130 That rule gives expression to a criminal defendant's due process right to a unanimous verdict. See United States v. Fawley, 137 F.2d 458, 4771 (7th Cir. 1988). Because the Constitution does not tolerate the risk of a less than unanimous verdict in the criminal setting, "where the complexity of a case or other factors create the potential for confusion as to the legal theory or factual basis which sustains a defendant's conviction, a specific unanimity instruction is required." United States v. Jackson, 879 F.2d 85, 88 (3d Cir. 1989) (citing United States v. Beros, 833 F.2d 455, 460 (3d Cir. 1987)). Such instructions are required where the government charges several criminal acts, any of which alone could have supported the offense charged, because of the need to provide sufficient guidance to assure that all members of the jury were unanimous on the same act or acts of illegality. Id. at 88. As the Seventh Circuit recently concluded in a case alleging multiple false statements, "the jury should have been advised that in order to have convicted [the defendant], they had to unanimously agree that a particular statement contained in the indictment was falsely made." Fawley, 137 F.2d at 470.

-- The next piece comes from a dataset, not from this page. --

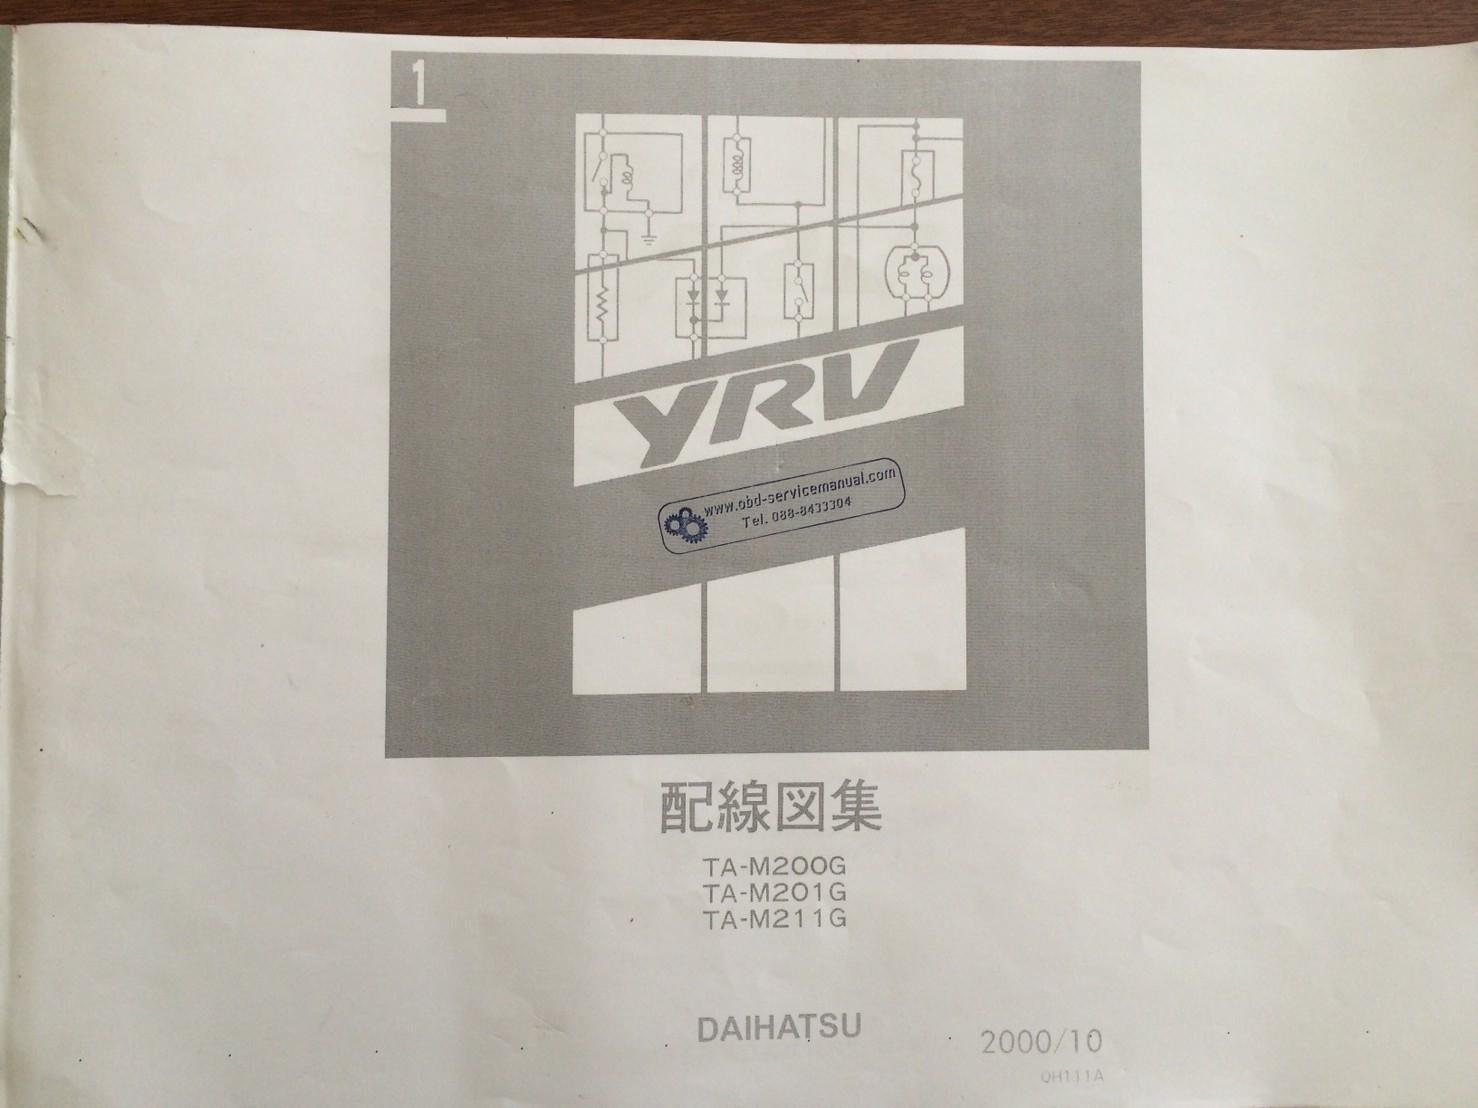 หนังสือ วงจรไฟฟ้า (Wiring Diaram) รถยนต์ Daihatsu YRV

131 In our federal criminal process, a duplicitous pleading problem may sometimes be cured by instructions to the jury requiring unanimous agreement on a single statement, see Fawley, supra, but that option is not present here. Not only do the Senate Rules not provide for the equivalent of jury instructions, they expressly rule out the prospect of subdividing an article of impeachment for purposes of voting. See Senate Impeachment Rule XXIII. Nor is the duplicitousness problem presented here cured by any specific enumeration of elements necessary to be found by the factfinder. See, e.g., Santarpio v. United States, 560 F.2d 448 (1st Cir. 1977) (duplicitous charge harmless because indictments adequately set out the elements of the federal crime; appellants were not misled or prejudiced). Article I does not enumerate specific elements to be found by the factfinder. To the contrary, the Article combines multiple types of wrong, allegedly performed by different types of statements, the different types occurring in multiple subject matter areas, and all having a range of allegedly harmful effects.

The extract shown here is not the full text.